We were of the opinion that the definition in this particular insured event could not be determined to have occurred until 24 months had passed, as the disablement must be continuous and permanent for at least 24 months from the onset before the requirements of the definition of the insured event “permanent total disablement” have been met.

This was at odds with the requirement of the clause that “the claim form and all supporting documentation as may be requested … must be received by us within 180 days of the accident”.

In other words, there was an inconsistency or ambiguity in the policy wording, which results in an absurdity: to comply with the 180 day clause a policyholder would have to submit a claim for an insured event which by definition cannot yet have occurred.

The contra proferentem rule, whereby a contractual provision is construed against the contracting party (the insurer) by which or on behalf of which it was formulated, would be the appropriate principle to apply to resolve the ambiguity. In this case this would mean interpreting the policy to mean that a claim for the insured event “permanent total disablement” would have to be lodged within 180 days of the alleged occurrence of the event as defined. On this interpretation of the policy the claim would not have been lodged late.

However, even if one assumed that the claims were lodged timeously, medical reports submitted by the complainant did not suggest that the requirements for liability by the insurer to pay the benefits were met. As his condition was degenerative it clearly was a physical defect or infirmity which existed prior to his accident. The fall was therefore not the sole and independent cause of the insured event. Even if the accident might have made his condition worse, the degenerative condition which preceded the fall also contributed to the alleged condition of permanent total disablement.
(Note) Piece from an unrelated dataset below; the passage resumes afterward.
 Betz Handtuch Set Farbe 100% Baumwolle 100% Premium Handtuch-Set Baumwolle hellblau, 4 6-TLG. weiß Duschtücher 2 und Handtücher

We shared our view with both parties that there was no documented evidence of the incident that caused the permanent total disablement; that there was no evidence that the complainant’s disabling condition was so “total and absolute” that he was entirely prevented “from engaging in or giving attention to gainful occupation of any and every kind”. Furthermore, medical reports suggested that there were still treatment options envisaged and therefore a question mark over the permanence the complainant’s condition. Both parties were given an opportunity to respond, neither did so and we proceeded to close our file.

May 2007

CR225 Late submission


Late submission


The life insured died on 24 October 2005. The policy provided for a notification period of six months. A death claim was lodged on 3 March 2006, well within the submission period. The complainant submitted the required documentation with the claim. The only difficulty was that the copy of the death certificate, although clearly genuine, was so badly copied that it was illegible. The insurer, as it was entitled to do, requested an improved copy which was thereupon submitted in May 2006 (some weeks after the six month period had expired). The insurer then declined the claim on the basis that the legible certificate was submitted beyond the notification period.
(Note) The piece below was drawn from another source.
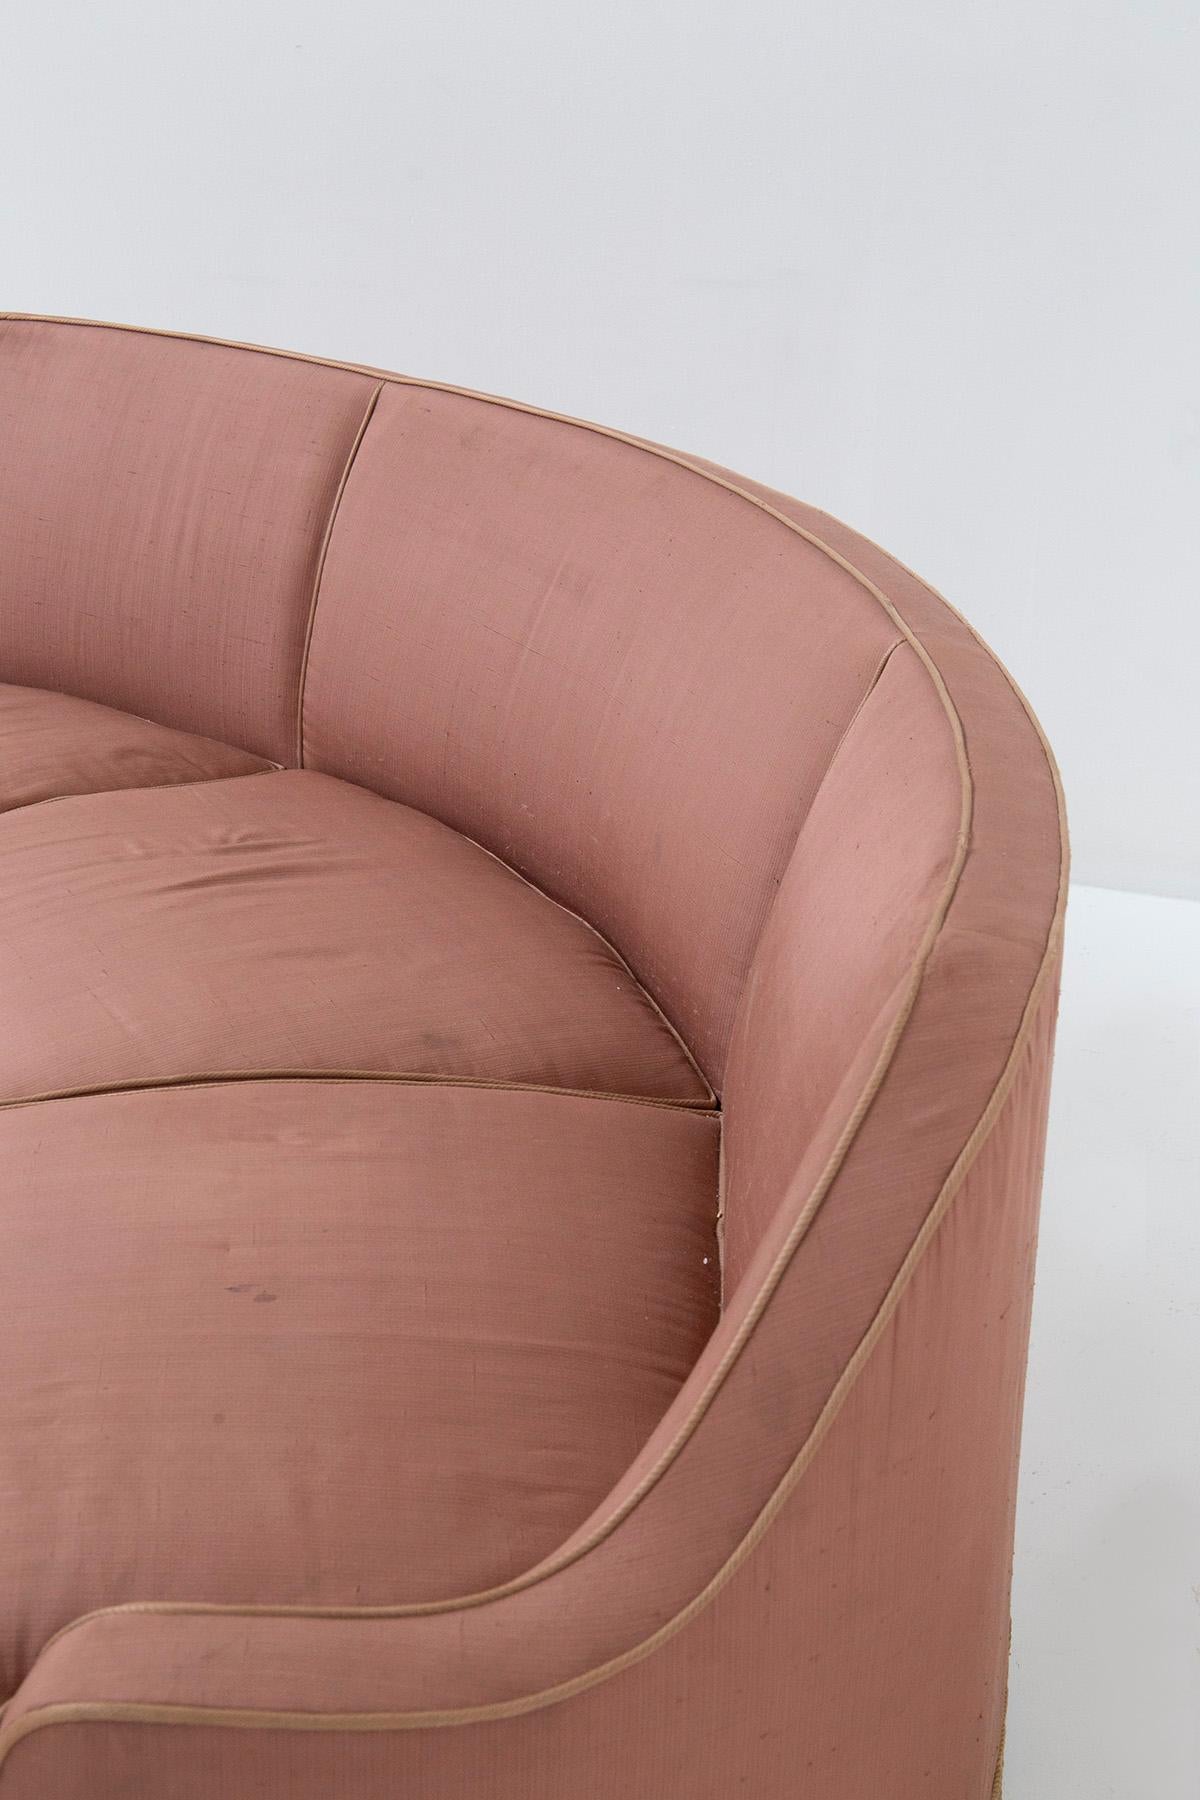 Italian three-seater sofa in pink fabric attributed to Gio Ponti 6

The insurer was invited, but declined, to review its decision. Consequently, the matter was discussed in a meeting of adjudicators.


The meeting considered the circumstances surrounding the claim as well as the insurer’s decision to decline it. The meeting was of the view that the insurer’s insistence that the corrected copy should also have been delivered within the prescribed period could not be supported. Not only did the contract contain no provision to that effect but the result was patently unfair.

The meeting expressed its displeasure at the manner in which the insurer handled the matter. It was difficult to escape the conclusion that it was a deliberate attempt to avoid paying out a legitimate claim.


The meeting resolved that the claim should be paid. Furthermore, the meeting mandated the Ombudsman to address a letter to the Chief Executive Officer of the insurer concerned to convey its sentiments. A prompt and positive response was received thereafter, and the claim was paid.